Esas piedras que me hablan

Columna de Margarita García-Galán

Llegué a la plaza del pueblo caminando despacio, mirando a mi alrededor como si fuera la primera vez. Junto a la iglesia de piedra, unos árboles y unos banquitos in­vitan a sentarse. Enfrente, el Ayuntamiento, con el am­plio balcón de piedra donde ondea al viento la bandera que me es tan familiar, con su castillo en llamas y el lema ‘Siempre incendiada y siempre fiel’. Arenas de San Pedro me recibe en agosto con aires de fiesta, engalanada como siempre con su inmortal vestido de piedra.

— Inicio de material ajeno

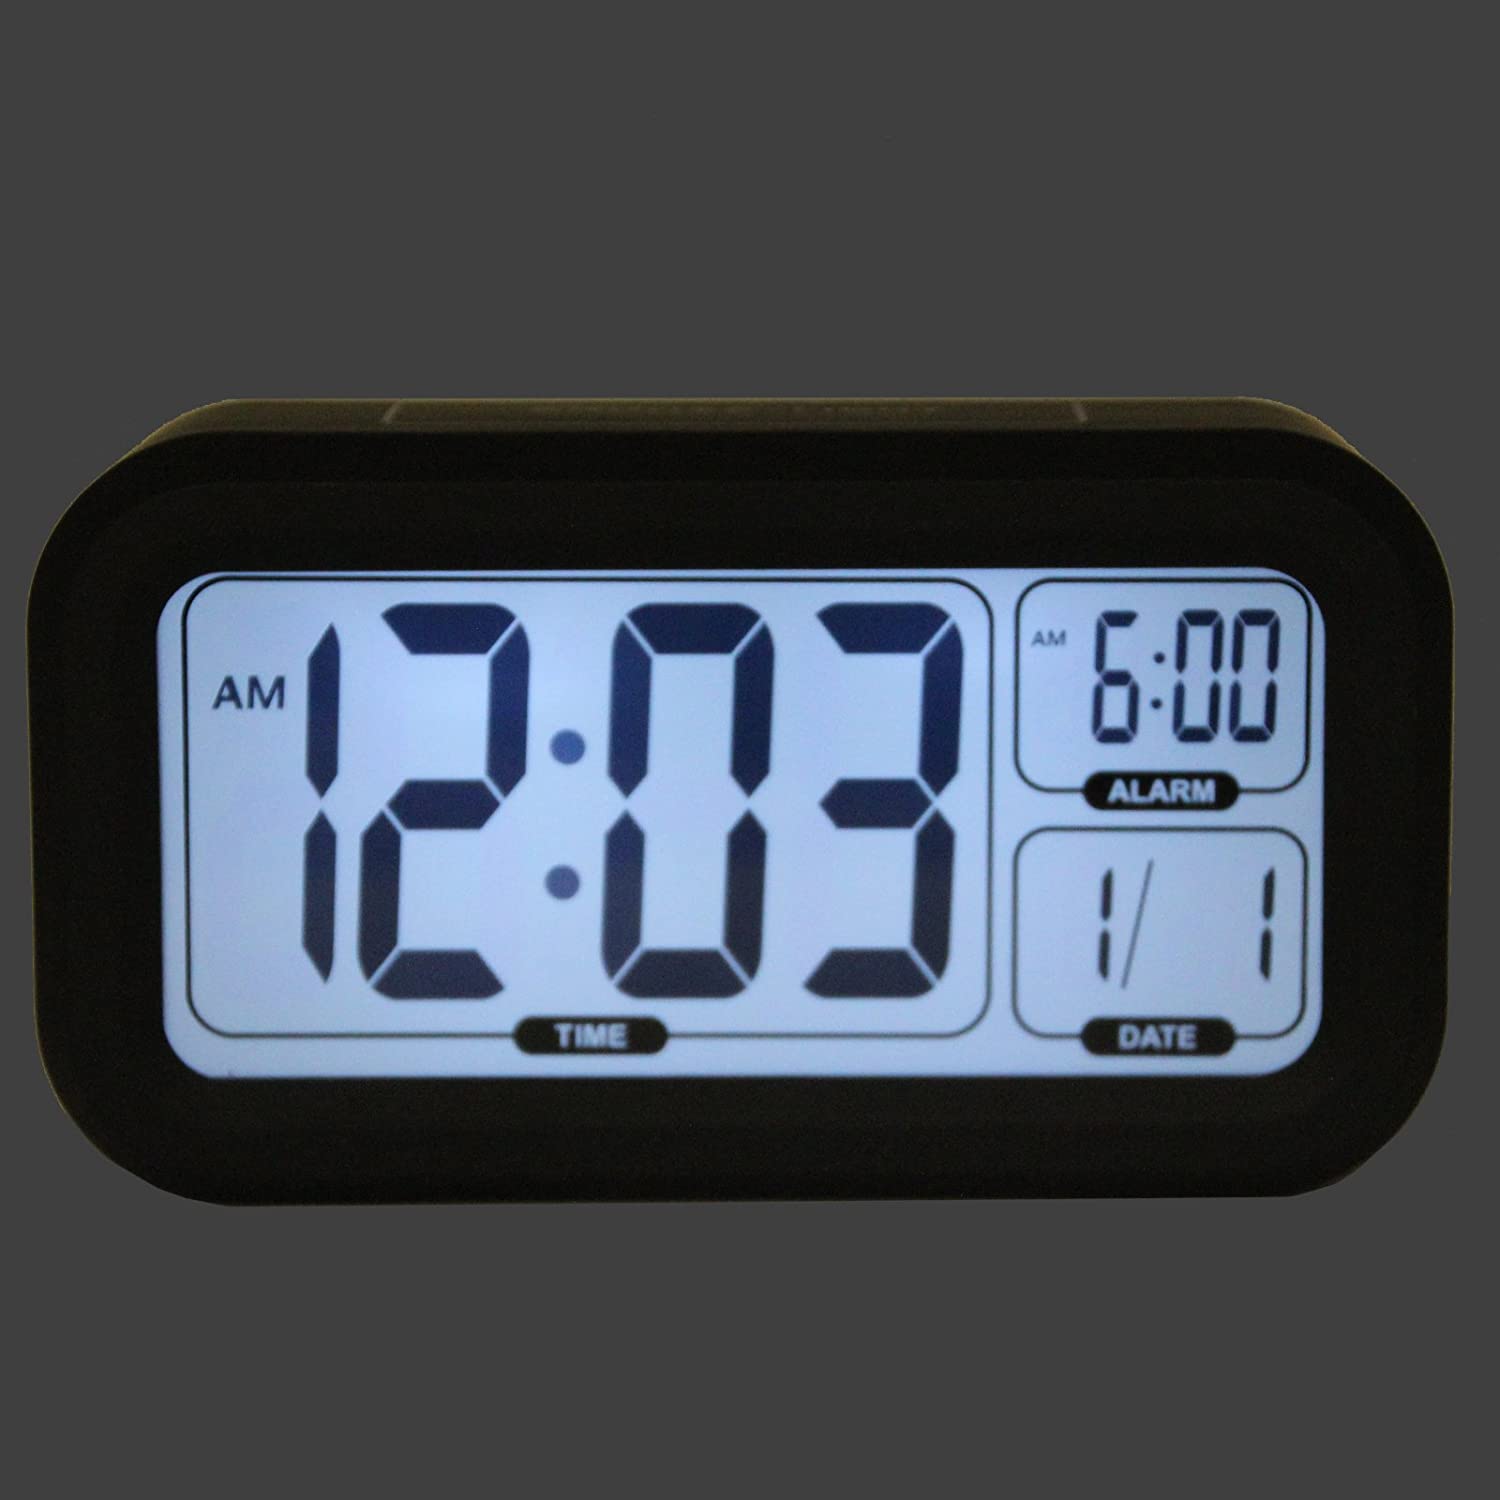 Timelink - Digital Touch Sensor Travel Home Use Alarm Clock, Snooze, Automatic Dimming Smart Night Light, Black
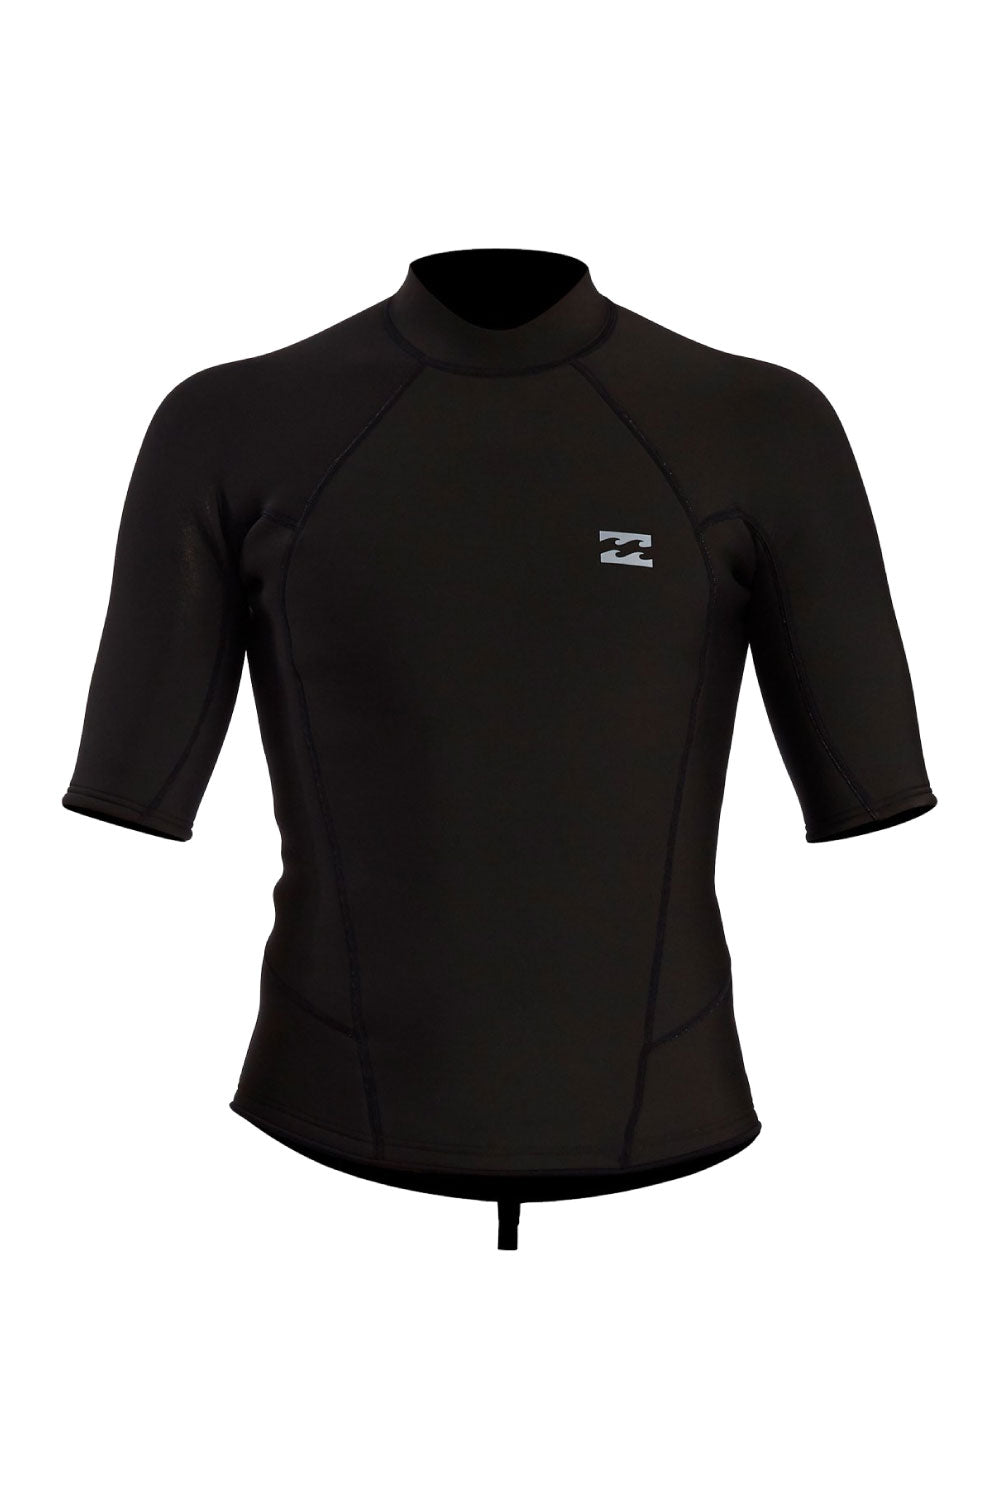 Billabong Men's Absolute Short Sleeve Wetsuit Vest

Me siento en el banco junto a la iglesia que enseña orgullosa la torre renacentista que en invierno corona el blanco ajetreo de las cigüeñas. Me hablan las piedras. Me cuentan historias antiguas que se quedaron atrapadas en el aire de esa placita y en el desván de mi memoria. Suenan las campanas y el viejo reloj me lleva a una misa imaginaria. Veo a mis amigos y a gente de mi familia sentados en los bancos, oyendo el sermón de un cura con el que se confesaba mi entrañable tía, que en su celo por estar a bien con Dios, contaba sus pecados y también los de su hermano, “que llegaba tarde a misa”. Me recuerdo jugando en esa plaza, leyendo, sin comprender nada, la larga lista de nombres grabados en la pared junto a la puerta. “Cosas de la guerra, niña, que tú no puedes entender”. Los niños decíamos los nombres en voz alta, jugando a adivinar quiénes eran y por qué estaban allí. Ahora, que ya no están, las piedras siguen hablando, pero han pasado página, esa oscura página de la historia. La pared desnuda transmite paz. Es menos triste; más de todos. 

Hago fotos, muchas fotos. De las casas viejas, que conservan sus balcones de madera y las parras que daban sombra a la vida sencilla de mis antiguos vecinos; de las calles empedradas, que me parecen preciosas aunque sean “incómodas para los viejos”, como dice la señora de aspecto cansado que se ha sentado conmigo en el banco de la plaza.

Le cuento que conozco el pueblo, que una vez viví allí, y entonces se anima a recordar conmigo. Me cuenta que cuando era joven bailaba en esa plaza al son de una gaita y un tambor. “La gaitilla sí que era bonita, y no el ‘cencerreo’ que hay ahora”.  Le digo que yo también la conocí, que esa musiquilla es una de las cosas que no he olvidado nunca. La señora se va y yo sigo con mis fotos capturando momentos. Las mismas calles, distintas gentes… Recorrer el pueblo me emociona. Y caminando so­bre esos ‘gorrones’ incómodos para pies cansados, llego al puente medieval, uno de los rincones que más me habla. Cruzar esa calzada ro­ma­na, tocar sus piedras históricas, mirar cómo el río discurre bajo él cantando y saltando entre las piedras que el abrazo del tiempo y la caricia del agua suavizaron. Me hablan esas piedras blan­cas, me cuentan los juegos de unos niños que saltaban al agua sin miedo desde las más altas. Se escondían las ranas, revoloteaban las libélulas y los juncos se do­bla­ban rendidos a la co­rriente. Y ellos chapoteaban fe­lices en el único mar que co­nocían. Refrescada el al­ma con el baño de infancia, si­go hasta el Castillo del Con­destable Dávalos, que mantiene su imponente y hermosa estampa medieval en pleno casco urbano. El castillo fue entregado como dote a doña Juana Pimentel cuando se casó con don Álvaro de Luna. Ella sería, tiempo después, la ‘Triste Condesa’ que lloraba la muerte de su marido y que dio nombre a la calle donde aún está, con sus balcones abiertos a otras vidas, la casa de mis abuelos. 

Meriendas en los pinares, ba­ños en las pozas, anocheceres en las animadas ca­lles… Una senda sentimental que me lleva por último al Santuario de San Pedro, con sus cruces de piedra, sus penumbras y esos silencios que hablan. Me dicen que por allí pasaron muchos de mis afectos. Unos, con su devoción a cuestas, a rezar; otros, ligeros de equipaje, solo a ‘sentir’. Espero volver otros veranos cuando la brisa cálida de agosto, que mece las agujas de los pinos, expanda el embriagante perfume a resina que airea mi memoria.
 Que me oxigena el alma. Que me lleva lejos. Que me hace volver.